WGA. The most commonly used approach to amplify a whole genome is multiple displacement amplification (MDA). This method was first introduced by Dean et al.22, and it relies on the Phi29 polymerase from Bacillus bacteriophage to amplify femtogram levels of DNA. This isothermal, strand-displacing amplification yields, on average, >10-kb-long overlapping amplicons, which are suitable for whole-genome sequencing and de novo assembly, similarly to sequence data from DNA extracts of pure cultures. However, MDA results in uneven genome coverage that can be partially mitigated by wet-bench and bioinformatic normalization methods1,20,23,24. Genomic rearrangements, or chimeras, are formed during MDA and can complicate genome assembly by linking noncontiguous chromosomal regions15,25. The effect of these rearrangements can be limited by high sequence coverage and by avoiding long mate-pair libraries24. The remaining challenges are the limited genome recovery—on average, approximately 40–55% of a single-cell genome is recovered1,11—and the overall low efficiency of accessing the genomic DNA within single cells, which is in part linked to the inability to successfully lyse cells. The lysis and MDA success rates vary widely among environmental samples, ranging from <10 to 100% (refs. 1,11,16).
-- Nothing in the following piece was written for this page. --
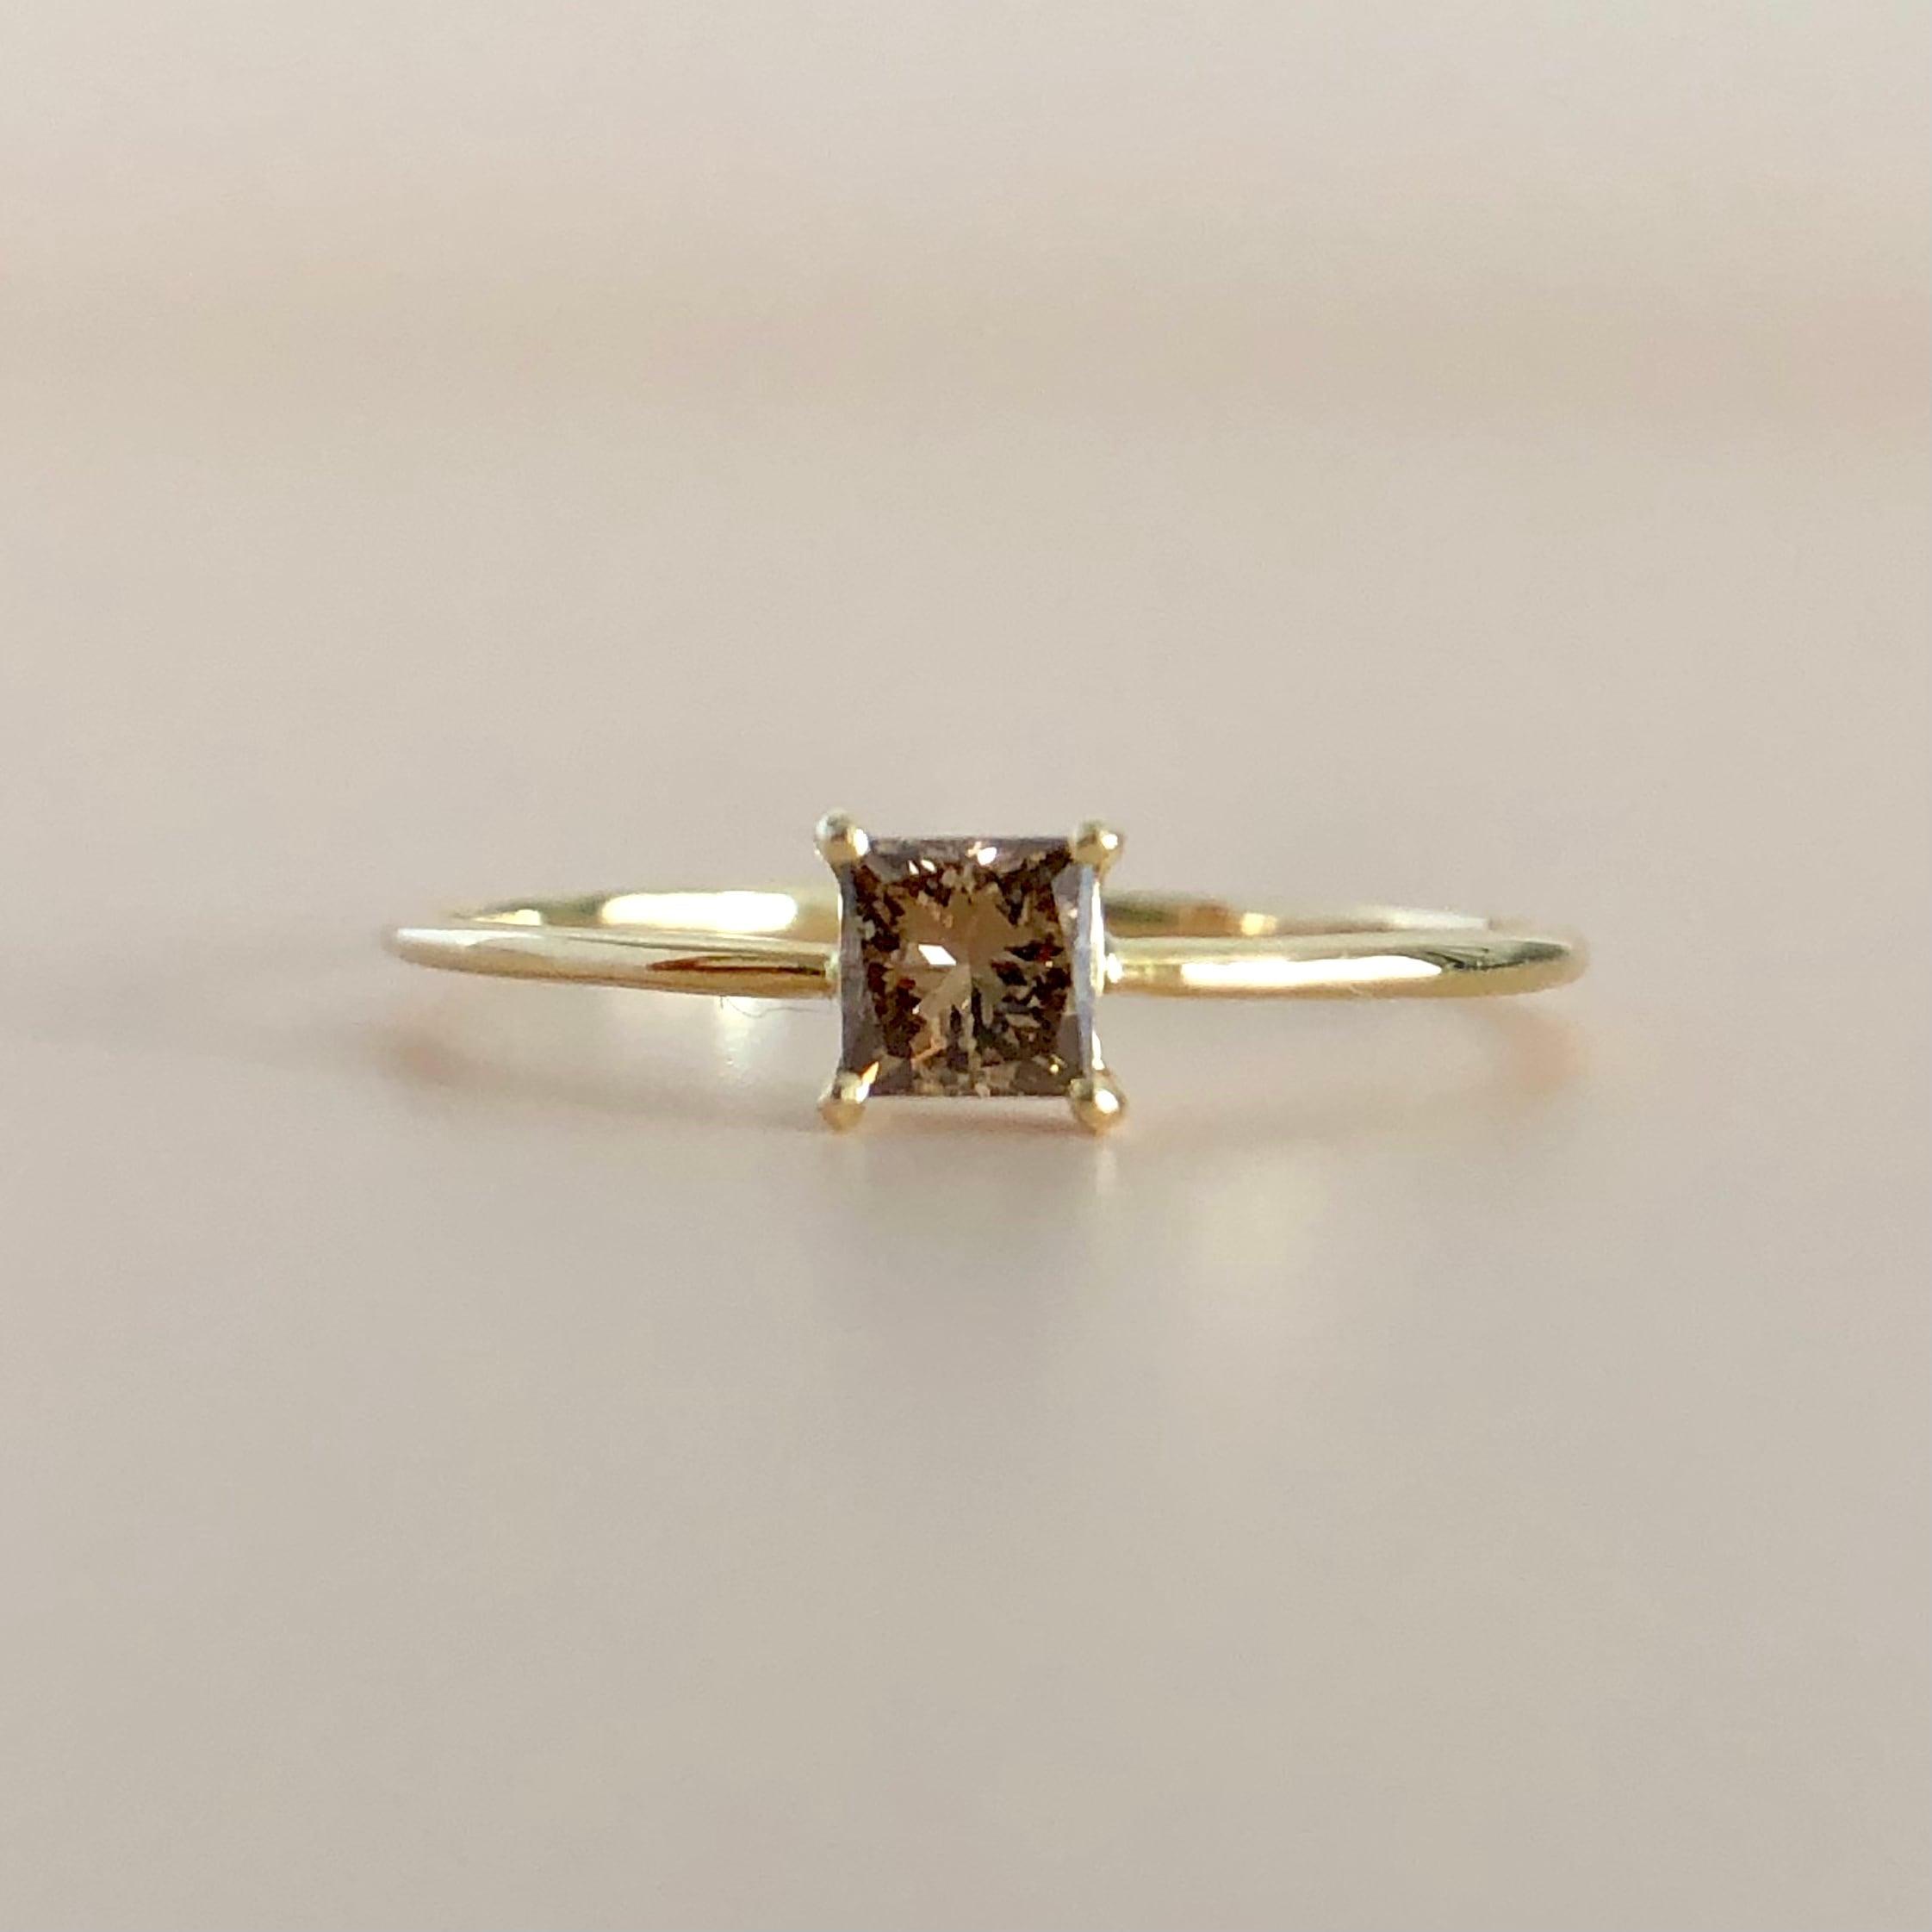 ブラウン プリンセスカット ダイヤモンド リング  0.15ct K18イエローゴールド チェカ 鑑別書付

Contamination. MDA reactions are sensitive to DNA contamination present in the sample, reagents or contamination introduced through sample handling. The effect of DNA contamination can be controlled by establishing clean cell-sorting procedures12,20,24,26, decontaminating commercially available MDA reagents1,20,23, expressing a custom ultrapure Phi29 enzyme27 or by using commercial precleaned MDA kits that are specifically designed for single-cell templates. Volume reduction can also limit the impact of reagent contamination (Box 1). To minimize lab-introduced contamination, sorted single-cell plates should never be opened outside a clean PCR hood. To assess the degree of potential contamination, the inclusion of several plate rows of negative controls is highly recommended (Step 11).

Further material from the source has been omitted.